# mon ibook g4 chauffe est ce normal?



## bendder (7 Septembre 2005)

mon i book G4 1,2 ram 768 chauffe pas mal je trouve depuis que je suis passé a tiger sans trop travaillé le cpu chauffe a 40 50°c voir 60° quand je travail intensément sur i mouvie ou garage bande voir photoshop il a meme defois déclenché le ventillateur (normaleme on lentant pas le ventillateur)

est ce normal? 
quelle est le tempérture a ne pas dépasser ?


----------



## Adrienhb (7 Septembre 2005)

Bienvenue!

Vérifie avant tout que tu ne doives pas échanger ta batterie:
http://www.apple.com/fr/support/batteryexchange/

A.


----------



## Tox (7 Septembre 2005)

40 à 50 degrés me semble une température normale... Surtout si tu l'emploie sur une surface empêchant son bon refroidissement ou si tu l'utilise sur secteur. Le ventilateur se déclenche parfois, dans ces conditions, sur mon iBook.


----------



## bendder (7 Septembre 2005)

non ma batterie c'est ok

et sinon comment faire pour mieux le ventiller?


----------



## weeket (8 Septembre 2005)

moi aussi mon G3 ibook 384 mo de ram et 900mhz chauffe, et je sais pas pourquoi
et il plante bcp aussi ce qui met en marche la ventille
a+


----------



## Adrienhb (8 Septembre 2005)

bendder a dit:
			
		

> non ma batterie c'est ok


Bion c'est déjà ça, tant mieux.



			
				bendder a dit:
			
		

> et sinon comment faire pour mieux le ventiller?

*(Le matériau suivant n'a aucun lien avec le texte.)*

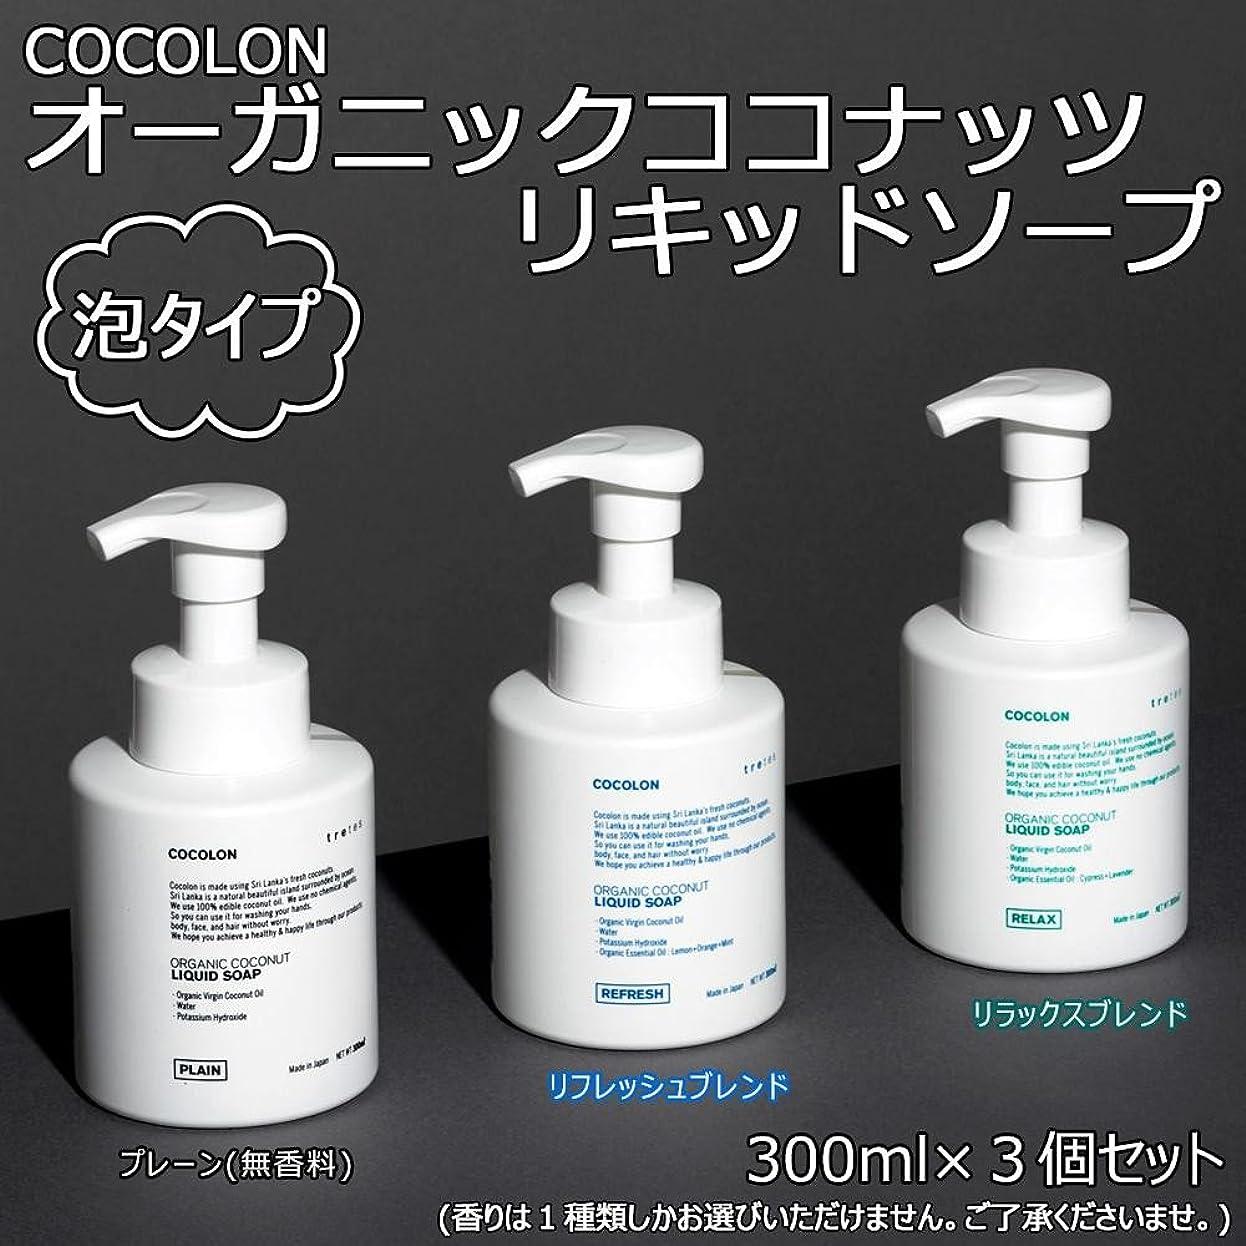 が欲しい新しい意味まあCOCOLON ココロン オーガニックココナッツリキッドソープ 泡タイプ 300ml 3個セット リフレッシュブレンド
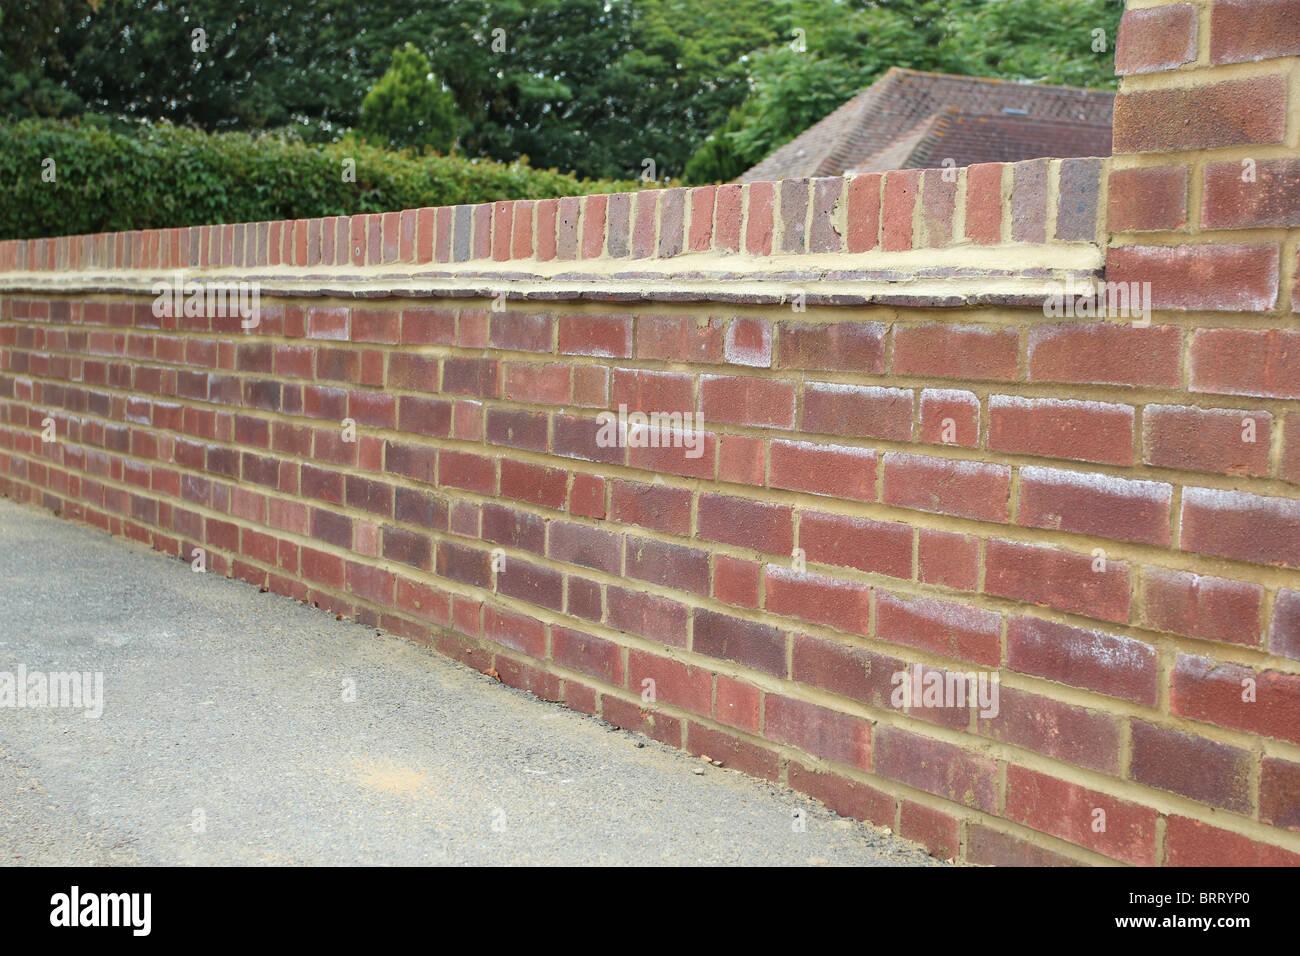 Recentemente costruito un muro di mattoni nella parte anteriore di una casa. Immagini Stock

Tu le surlèves avec un livre...   

A.


----------



## kertruc (8 Septembre 2005)

bendder a dit:
			
		

> il a meme defois déclenché le ventillateur (normaleme on lentant pas le ventillateur)



Si tu ne l'entends pas habituellement, c'est qu'il ne se déclenche pas parce que la température est normale...
Ça chauffe une machine... Y a rien à faire contre ça...
Je pense pas qu'il y ait de quoi s'inquiéter.


----------



## Zyrol (8 Septembre 2005)

Quand il fait chaud dans mon appart et que le ventilateur se declenche, je surleve l'arriere de l'ibook grace à un boitier de DVD, et vu que'en général j'ai chaud moi aussi, je place un ventilo à coté de moi : double usage : 
-ça me refroidit !
-ça draine l'air chaud qui reste bloqué sous l'ibook.

En général le ventilo s'arrete vite quand je fais ça.

En meme temps, ton ibook est prevu pour ça, faut pas s'inquieter, si il chauffe trop il passera en suspension pour se proteger...


----------